I had never heard of these guys so I thought I would share. It's a great cover, just goes to show that covers don't have to be identical to the original to be good.

[video=youtube_share;e4Ao-iNPPUc]http://youtu.be/e4Ao-iNPPUc[/video]


----------



## Moosehead (Jan 6, 2011)

Ha! That was awesome!

How bout some Iron maiden

[video=youtube;Li58voy6xXM]https://www.youtube.com/watch?v=Li58voy6xXM[/video]


----------



## Milkman (Feb 2, 2006)

zurn said:


> I had never heard of these guys so I thought I would share. It's a great cover, just goes to show that covers don't have to be identical to the original to be good.
> 
> [video=youtube_share;e4Ao-iNPPUc]http://youtu.be/e4Ao-iNPPUc[/video]



I agree, and I love the clip, but there's a difference between playing it your way because you have creative ideas, and playing it your way because you simply don't have the ears or chops to play it right.

So no, it doesn't have to be identical to the original to be good, but lots of players hide behind that.

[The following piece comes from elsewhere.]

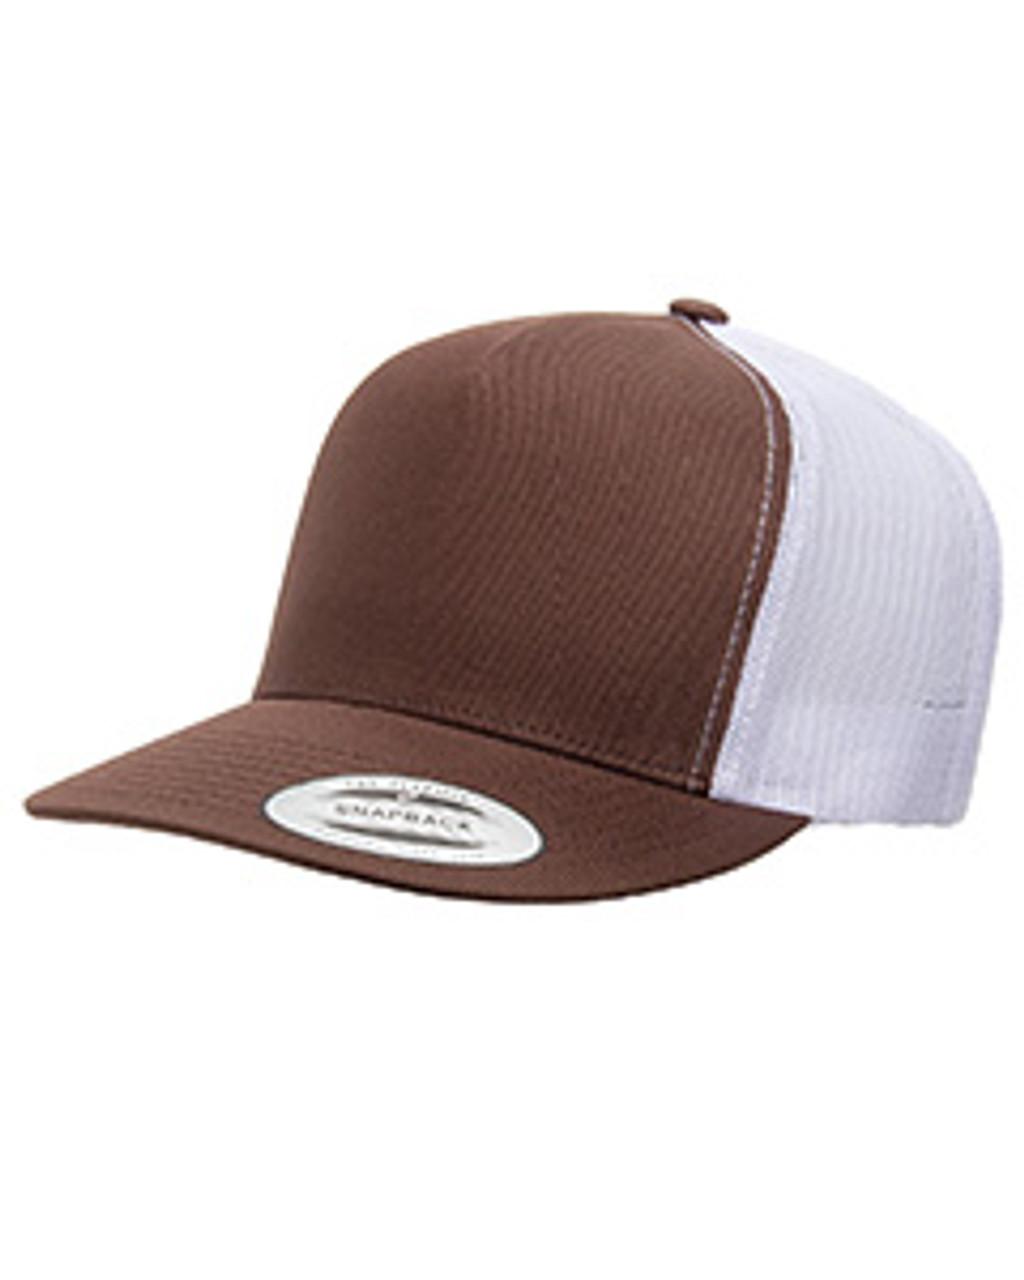 Yupoong - Classic Flat Bill Trucker Cap
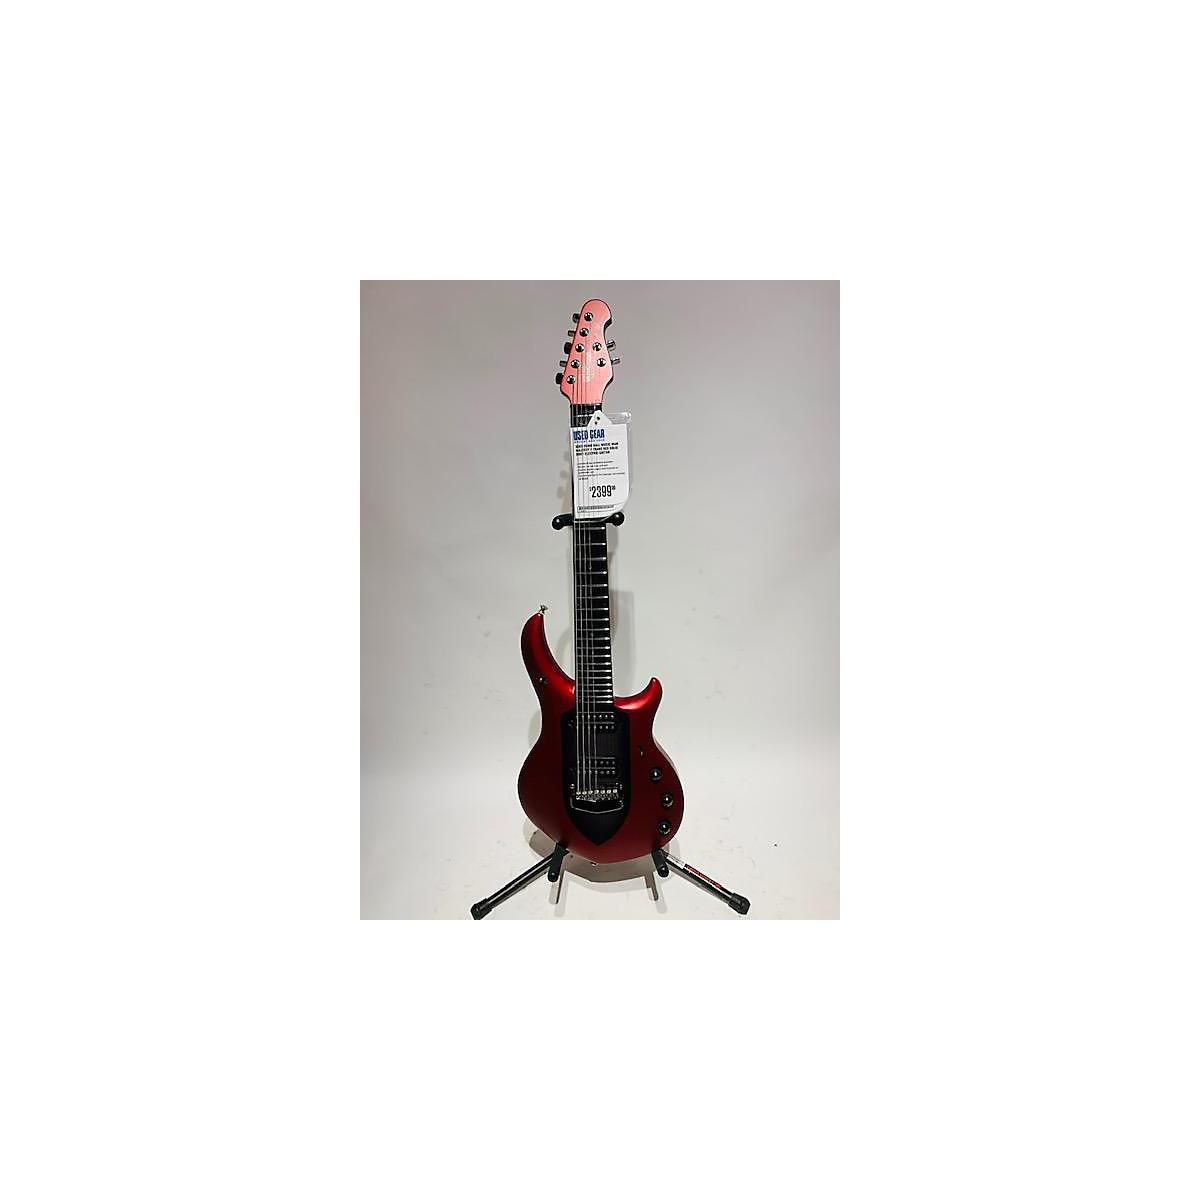 Ernie Ball Music Man Majesty 7 Solid Body Electric Guitar

These guys though, are pretty freaking cool.


----------



## marcos (Jan 13, 2009)

Love this. Very refreshing.


----------



## Scottone (Feb 10, 2006)

Kind of a similar vibe to Hayseed Dixie, who I believe did a whole album of AC/DC hillbilly covers. Heavy rock tunes seem to lend themselves well to this treatment. I was in a country band a few years back and had the idea to do a celtic cover of ELPs Lucky Man....didn't work out very well


----------



## Lola (Nov 16, 2014)

I have seen the Thunderstruck one before but HOLY CRAP Iron Maiden! That was a great cover! Loved it! Something really different but oh so good! 

Thanks for sharing. 

PS. Wouldn't mind seeing some Judas Priest!


----------



## Adcandour (Apr 21, 2013)

that maiden one was super cool.


----------



## Lola (Nov 16, 2014)

I never thought of any heavy metal song that could be turned into a hillbilly type genre song! Could you call them ********? I guess not! That might be a bit rude.


----------



## cheezyridr (Jun 8, 2009)

the hook to trooper sounds alot more like smooth criminal than the trooper. that's not to say i didn't enjoy it though. in my head i'm all like


----------